Compliancy, Wet Ketenaan­sprake­lijkheid en schijn­zelfstandig­heid



Wilt u als organisatie een freelance (ZZP) ICT’er inhuren? Dan krijgt u te maken met een aantal zaken die u moet regelen om compliant te zijn en discussies met de fiscus omtrent ‘verkapt dienstverband’ en ‘schijnzelfstandigheid’ te voorkomen.

Compliancy

Compliancy betekent eigenlijk simpelweg alleen maar dat je voldoet aan de gestelde eisen. Een organisatie is compliant als deze werkt in overeenstemming met de geldende wet- en regelgeving.
Zowel u als inhurende onderneming als de ZZP’er moet voldoen aan de wettelijke inhuureisen zoals gesteld in de wet Ketenaansprakelijkheid.

Wet Ketenaan­sprakelijkheid

De Belastingdienst stelt: “De ketenaansprakelijkheidsregeling heeft als doel te voorkomen dat aannemers en onderaannemers misbruik maken van de uitbesteding van het werk bij de afdracht van loonheffingen. Onder loonheffingen vallen loonbelasting, premies volksverzekeringen, premies werknemersverzekeringen en de inkomensafhankelijke bijdrage Zorgverzekeringswet”.
De regeling maakt elke schakel van de keten aansprakelijk voor alle volgende schakels.
U kunt in het contract met uw onderaannemer een kettingbeding opnemen: zonder uw toestemming mag de onderaannemer het werk dan niet verder uitbesteden. Zo houdt u zicht op het aantal onderaannemers in de keten. Maar een kettingbeding kan nooit leiden tot vrijwaring van aansprakelijkheid.

Schijnzelfstandigheid

Van “schijnzelfstandigheid” of “verkapt dienstverband” is sprake als niet voldaan wordt aan de eisen uit de wet Ketenaansprakelijkheid en er geen sprake is van een zuivere opdrachtrelatie, maar van een civiele arbeidsrechtelijke relatie. In dat geval kunt u als opdrachtgever een fikse boete krijgen van de fiscus. De betaling die u aan de freelancer heeft gedaan wordt beschouwd als netto loonbetaling. Hierover dient u vervolgens nog de gebruikelijke loonheffingen te betalen. Daarnaast betaalt u een boete die 2,5x de uitbetaling aan de freelancer kan bedragen.

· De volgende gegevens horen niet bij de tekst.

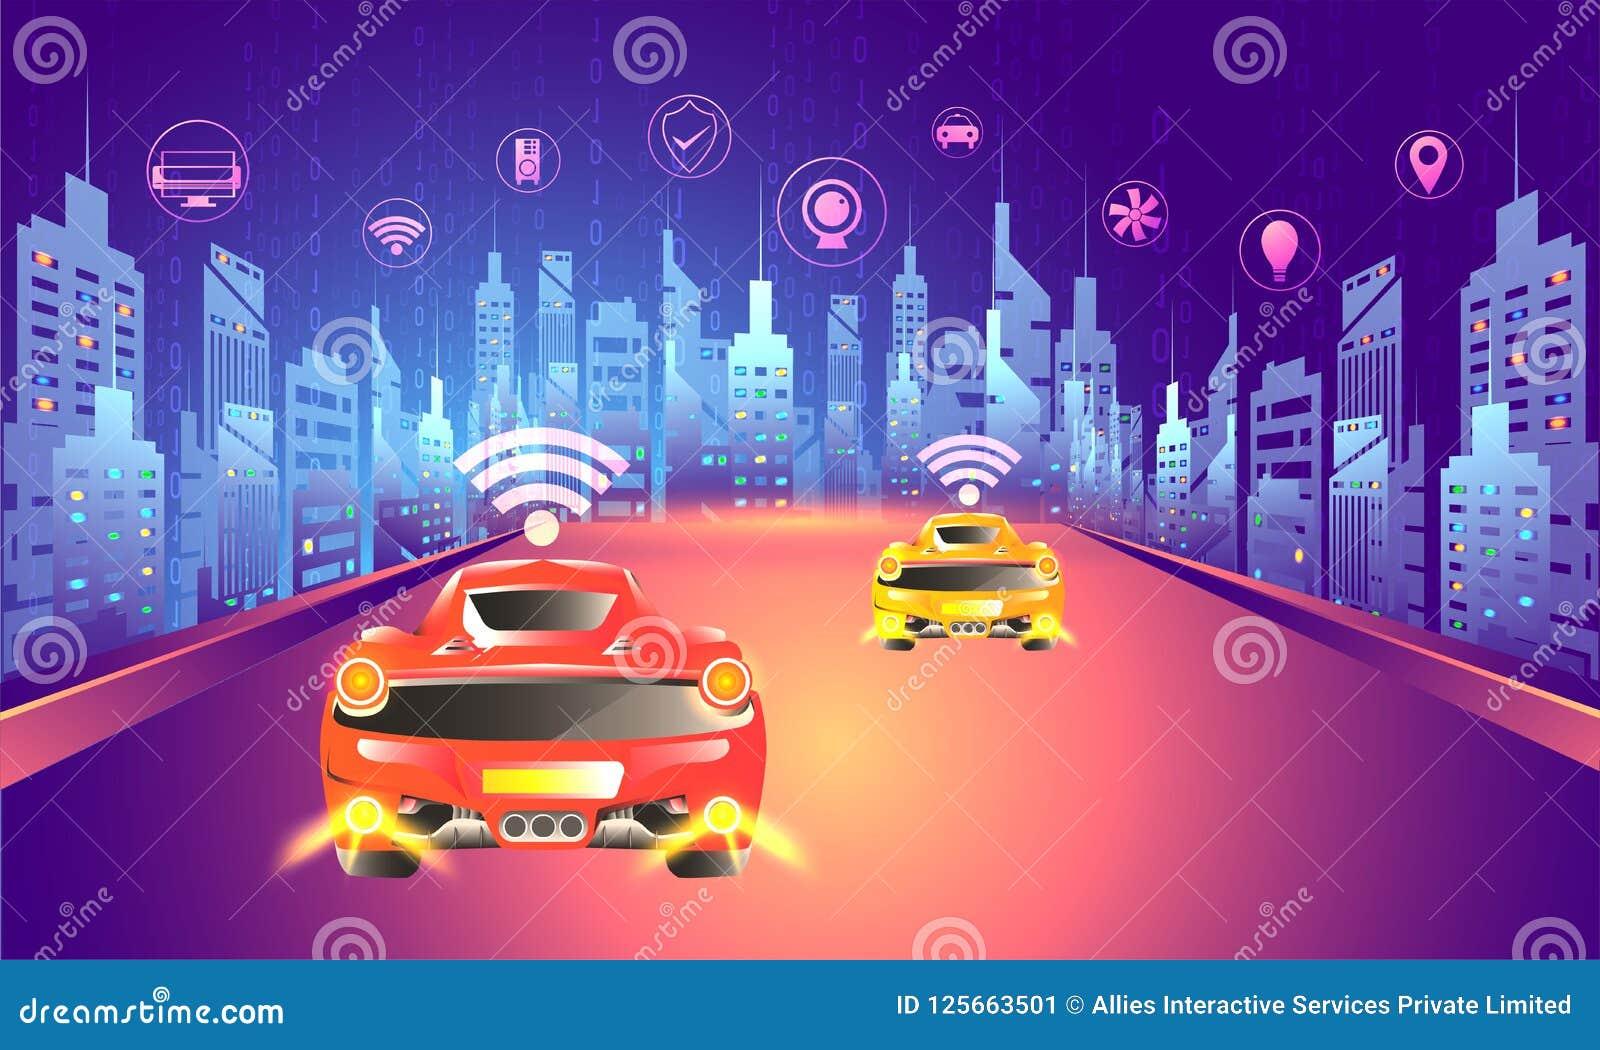 Ψηφιακή έννοια τεχνολογίας, αστικό lanscape με αυτόνομο vehic
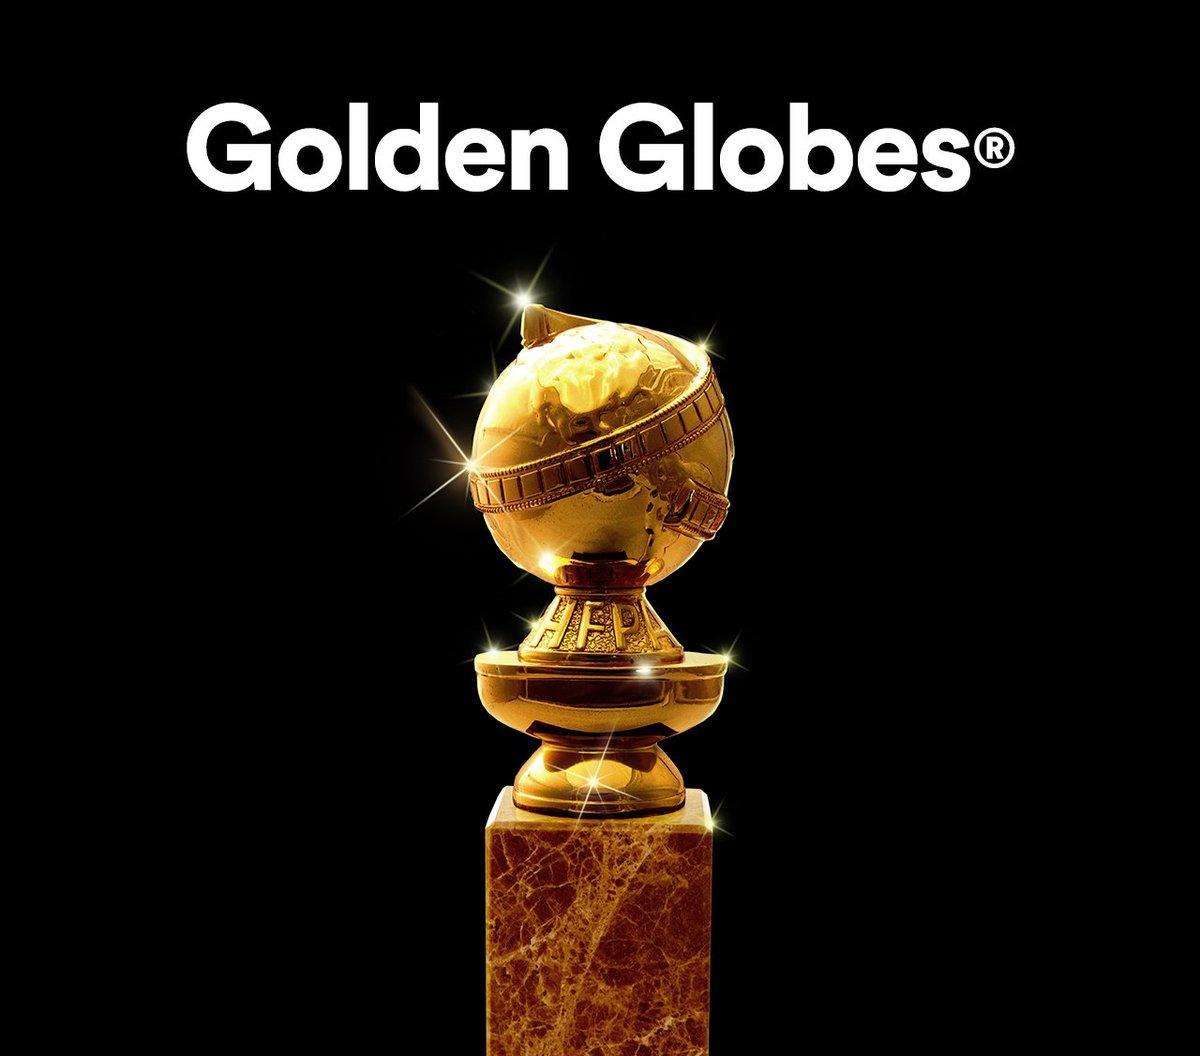 Golden Globes-Twitter

Zo huurt u veilig een ZZP’er in

U kunt het risico van ketenaansprakelijkheid sterk beperken door zich aan de volgende spelregels te houden.
  1. Vraag de freelancer om zijn VAR-verklaring. Kan hij u een VAR-WUO of VAR-dga tonen, dan loopt u in principe geen enkel risico.
    • De omschrijving van de werkzaamheden in de VAR-verklaring moet inhoudelijk overeenkomen met de werkzaamheden die u door hem laat verrichten.
    • De werkzaamheden moeten binnen de geldigheidsduur van de verklaring uitgevoerd worden. De verklaring is over het algemeen één kalenderjaar geldig. Als de werkzaamheden zich dus over een jaarwisseling heen plaatsvinden, dan heeft u te maken met twee VAR-verklaringen. In de overgangsperiode naar de VAR-BGL is de VAR-verklaring langer geldig gemaakt.
    • Twijfelt u over de echtheid van de VAR-verklaring, dan neemt u telefonisch contact op met het Landelijk Coördinatiepunt VAR op 088 - 15 11 000.
  2. Stel een contract op waarin u een kettingbeding opneemt. Zorg ervoor dat volstrekt helder is hoe de gezagsverhouding is, namelijk die tussen opdrachtgever en –nemer.
  3. Houdt een goede administratie bij. Leg de identiteit van de opdrachtnemer vast en bewaar een kopie van diens VAR en ID-bewijs in uw administratie (ook bewaren na afloop van de overeenkomst). Houdt de gewerkt uren secuur bij.
  4. Vraag de freelancer eventueel om een Verklaring van betalingsgedrag. Zelfstandigen zonder personeel (zzp’ers) hebben geen werknemers in dienst en hoeven daarom geen loonheffingen op aangifte af te dragen. Deze verklaring is dus eigenlijk overbodig, maar wordt op verzoek van de freelancer wel verstrekt door de belastingdienst in de vorm van een brief waarin ze hem informatie over zijn positie geven.